Work Around the Bug of "Deprecated DOS Wildcards"

Environment: VC6 SP5, Win2K Pro SP3 or higher

Recently, I've observed quite an excellent example of what can be called "backward comBUGability." It was a big surprise to me when I found that the FindFileFirst Win32 API function finds a match to wildcard by using deprecated DOS rules. For those who forgot about DOS, I'll remind you: DOS it is predecessor of Windows, its roots and nightmare.

In the time of DOS there were no long filenames, and all files must have had names in following format: not more than 8 characters for the name, not more than 3 characters for the extension, and the extension was separated from name by using a dot ('.'). Currently, files can have up to 255 any characters in the name, including non-English letters, spaces, or dots. We do observe "extension" only as on legacy meaning as a quick hint for user: what format the file has; for example, "My_Favourite_Picture.jpeg" is an image in JPEG format.

Next is the wildcard: When you search for a file, you may want to use such words like "any" or "like;" it is as usual as a coffee—you can forget the exact name of the file and search by using part of the name. Instead of introducing mathematically correct (and thus very strict and descriptive) regular expressions for file search operations, Microsoft developers introduced a quick hack: there are two wildcard characters, '?' and '*'. When you perform almost any file operation, you can use '?' as "any single character", and '*' as "any sequence of characters, possibly empty."

It means searching for "*.a" would find "asd.a" and "qqq.a", but not "qw.aa" (extension mismatches) and searching for "qq?.a" would find "qqq.a" and "qqw.a", but not "qqqq.a" (too many characters in name).

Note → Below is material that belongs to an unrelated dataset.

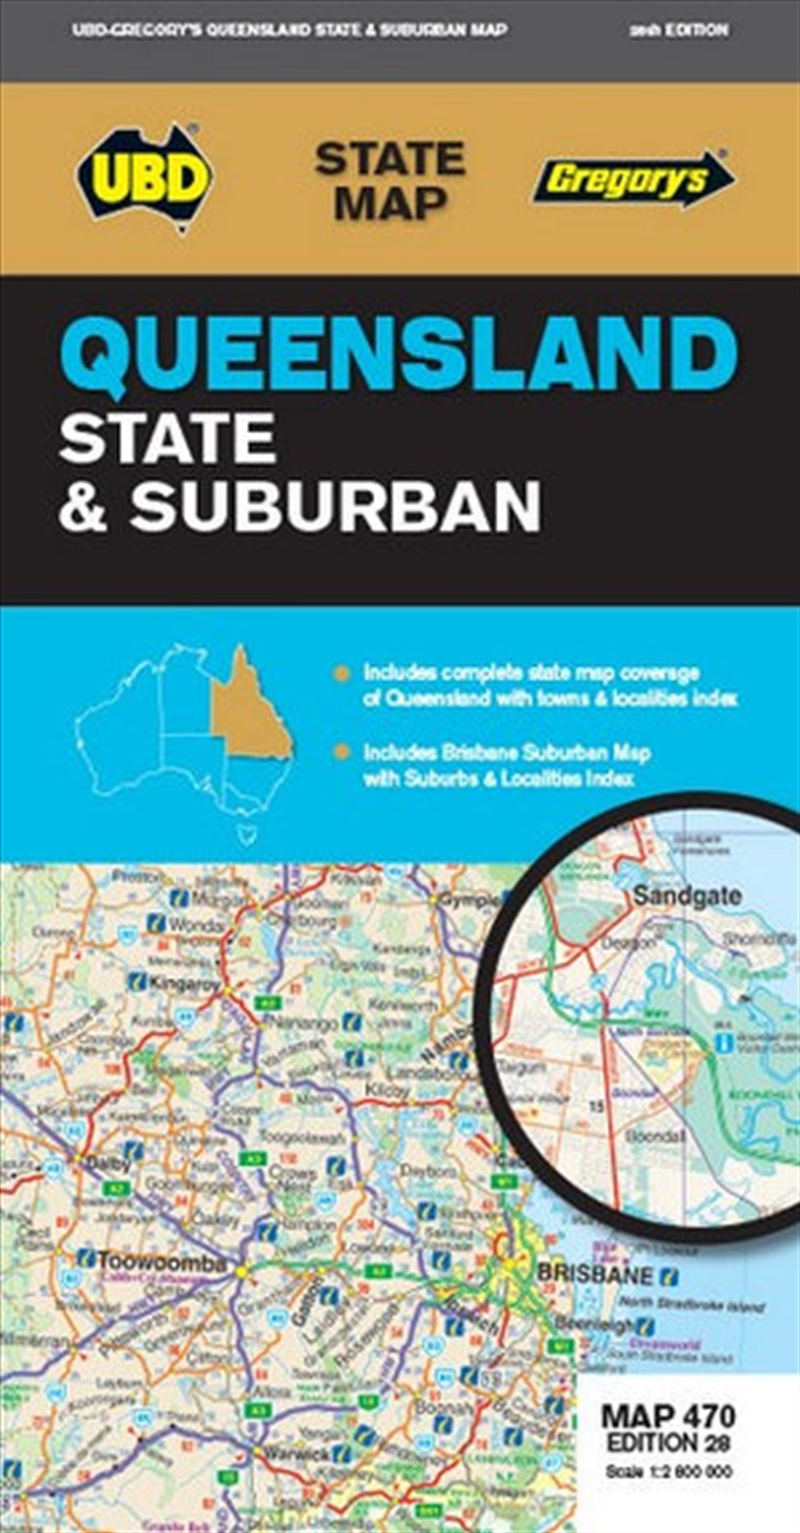 Queensland : State & Suburban - Map 470/Product Detail/Geography

It would be a great idea, if this was done correctly. But somehow, the Microsoft guys had developed such an ugly hack that when a '*' was in the name, the match would work ... but not quite okay. In other words, it had worked only for simple searches depicted in the user's manual: something like "*.bak," or "~tmp.*," two '*,' or tricky combination of '?' and '*' makes the wildcard matcher go out of its mind.

In Windows 95, the situation got better ... or maybe, it was worse... Long filenames were added, but "short" filenames were saved for "compatability" with old programs. For each program with a "long" filename, Windows had auto-generated a "short" filename. When a program searches the file by wildcard, Windows decides that a match happens if it matches a long OR short name. For example, if you search "*.aaa" you will find "a.aaa" but also "verylongname.aaaa" because its short name is "verylo~1.aaa" and it matches "*.aaa".

Why am I telling that touching story? Because I've used Windows 2000 for a very long time, I've used Explorer's Find Files dialog, or FAR's manager Find File plugin, and never issued the behavior described above. But recently I had found an excellent utility dirclean by Michael Dunn, which led me to a surprise: that deprecated wildcard matches are built into Windows 2000 (or XP) also! I found this by accident: This useful utility integrates into the shell and deletes intermediate files of Visual C++ builds, by searching with a wildcard. And while deleting, among all others, all "*.res" files which are scratch and rebuildable, it also deletes "*.resx" files, which are NOT!!!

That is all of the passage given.